### Exercise data ###

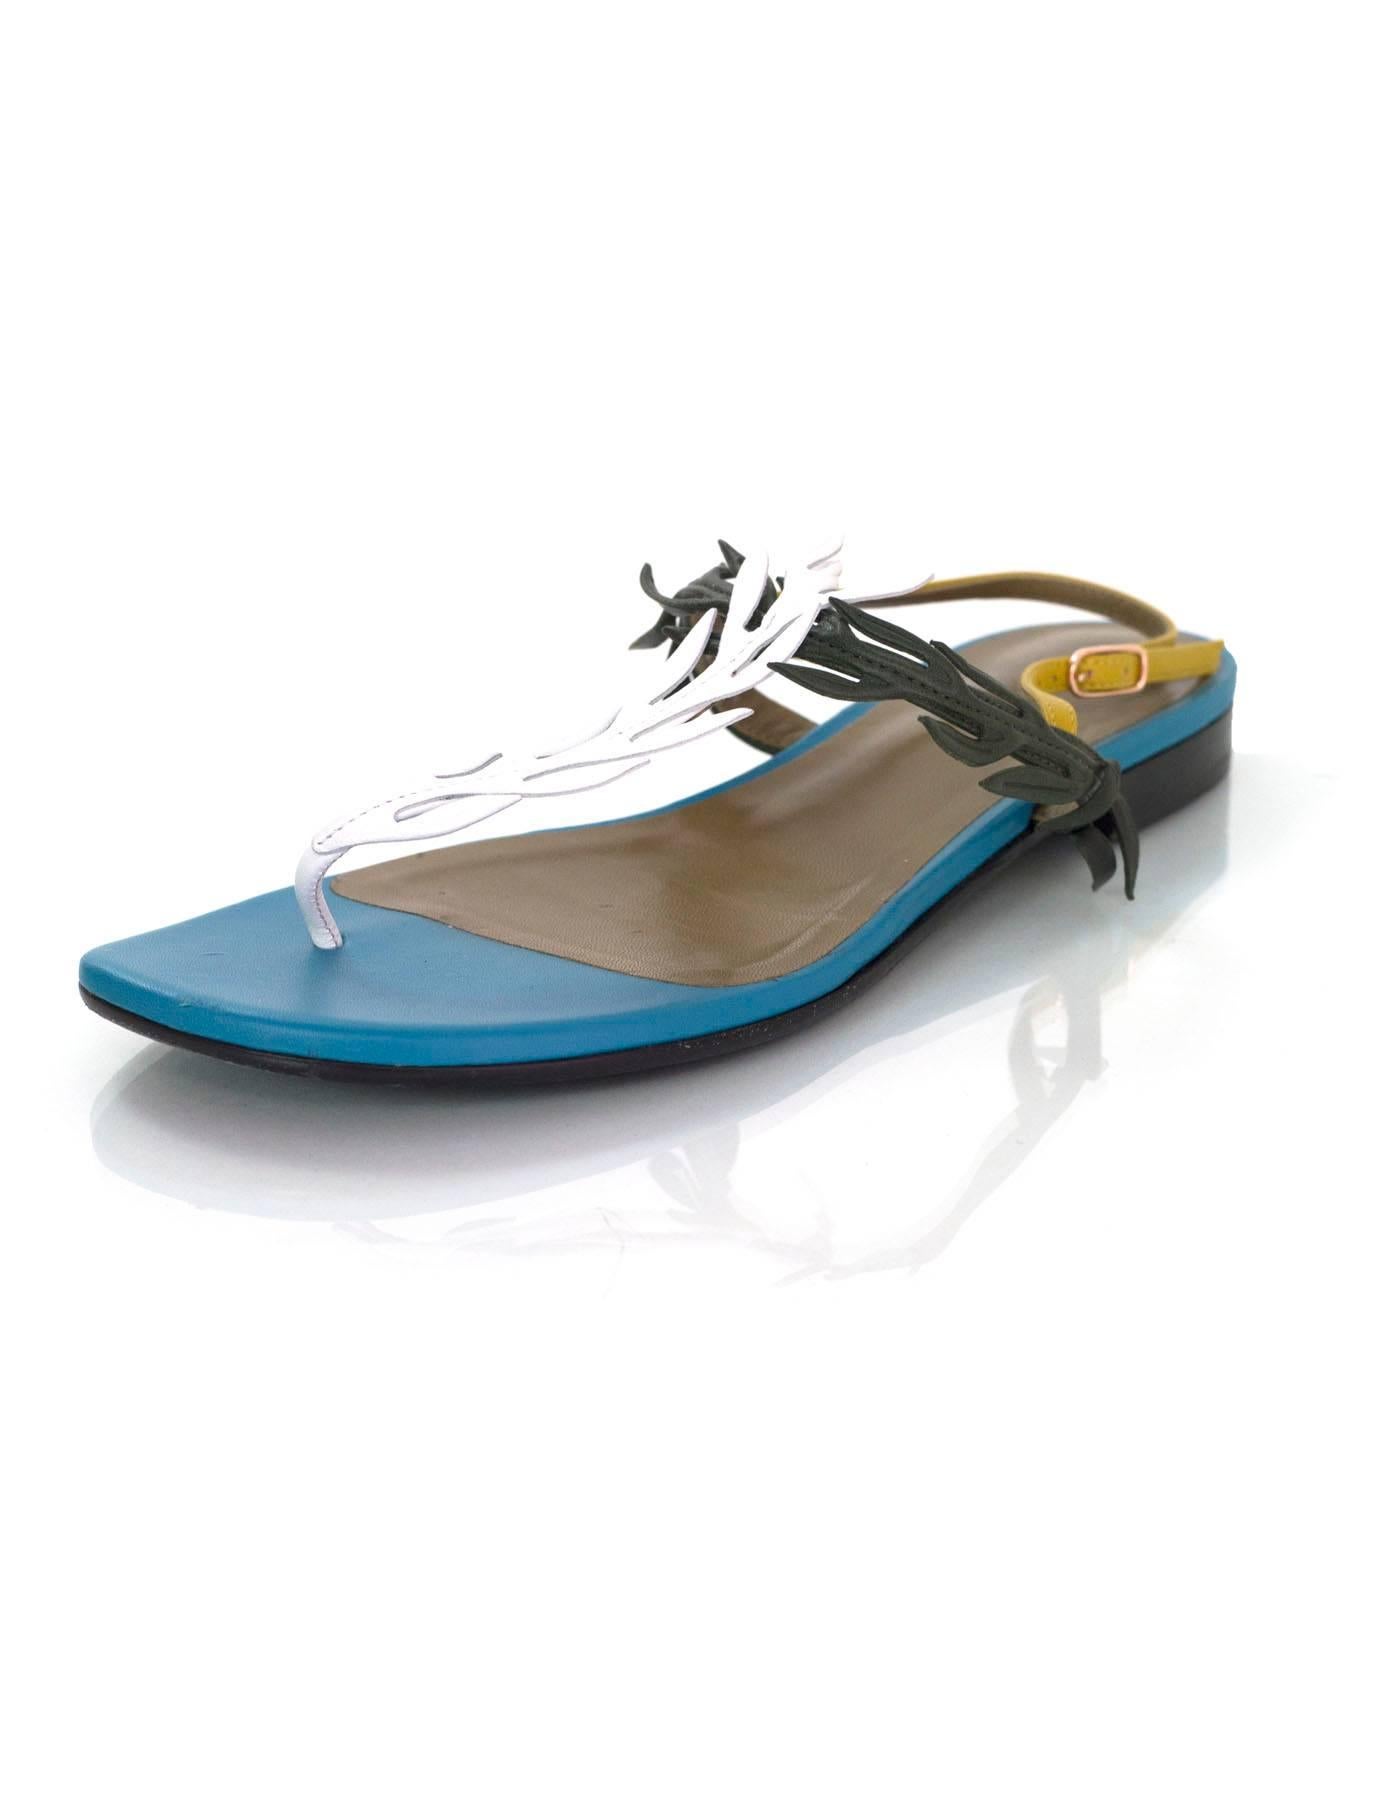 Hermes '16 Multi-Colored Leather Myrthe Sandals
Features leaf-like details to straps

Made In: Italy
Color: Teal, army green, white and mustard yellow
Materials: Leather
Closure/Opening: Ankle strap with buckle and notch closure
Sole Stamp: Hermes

###
### Exercise data ###

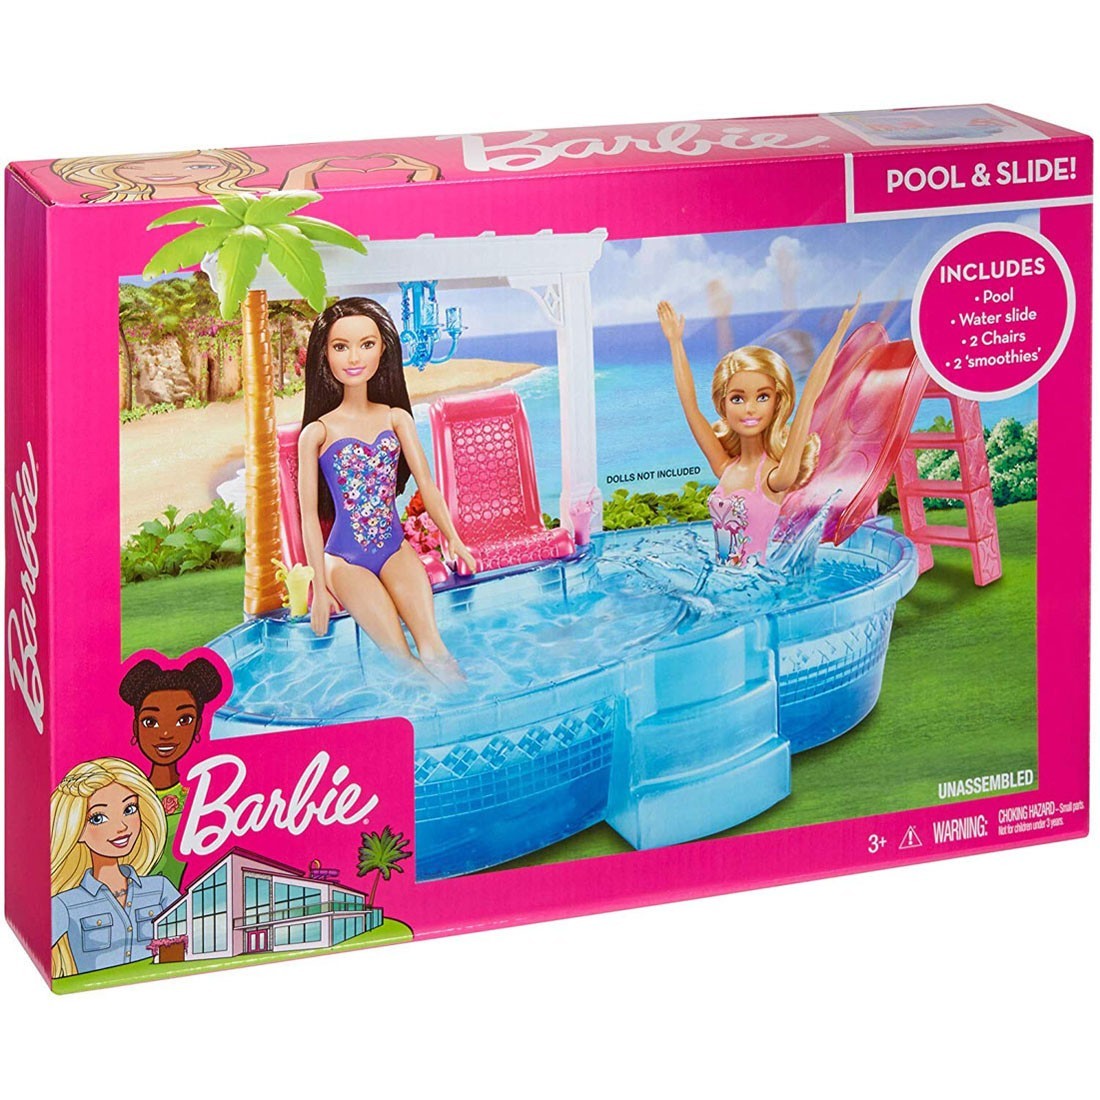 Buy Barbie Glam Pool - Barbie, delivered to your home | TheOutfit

###

◆ **Aim of the exercise**:
The answer is the run of lines above from the line containing "Features leaf-like details to straps" through the line containing "Sole Stamp: Hermes", copied exactly and alone.

◆ **Result**:
Features leaf-like details to straps

Made In: Italy
Color: Teal, army green, white and mustard yellow
Materials: Leather
Closure/Opening: Ankle strap with buckle and notch closure
Sole Stamp: Hermes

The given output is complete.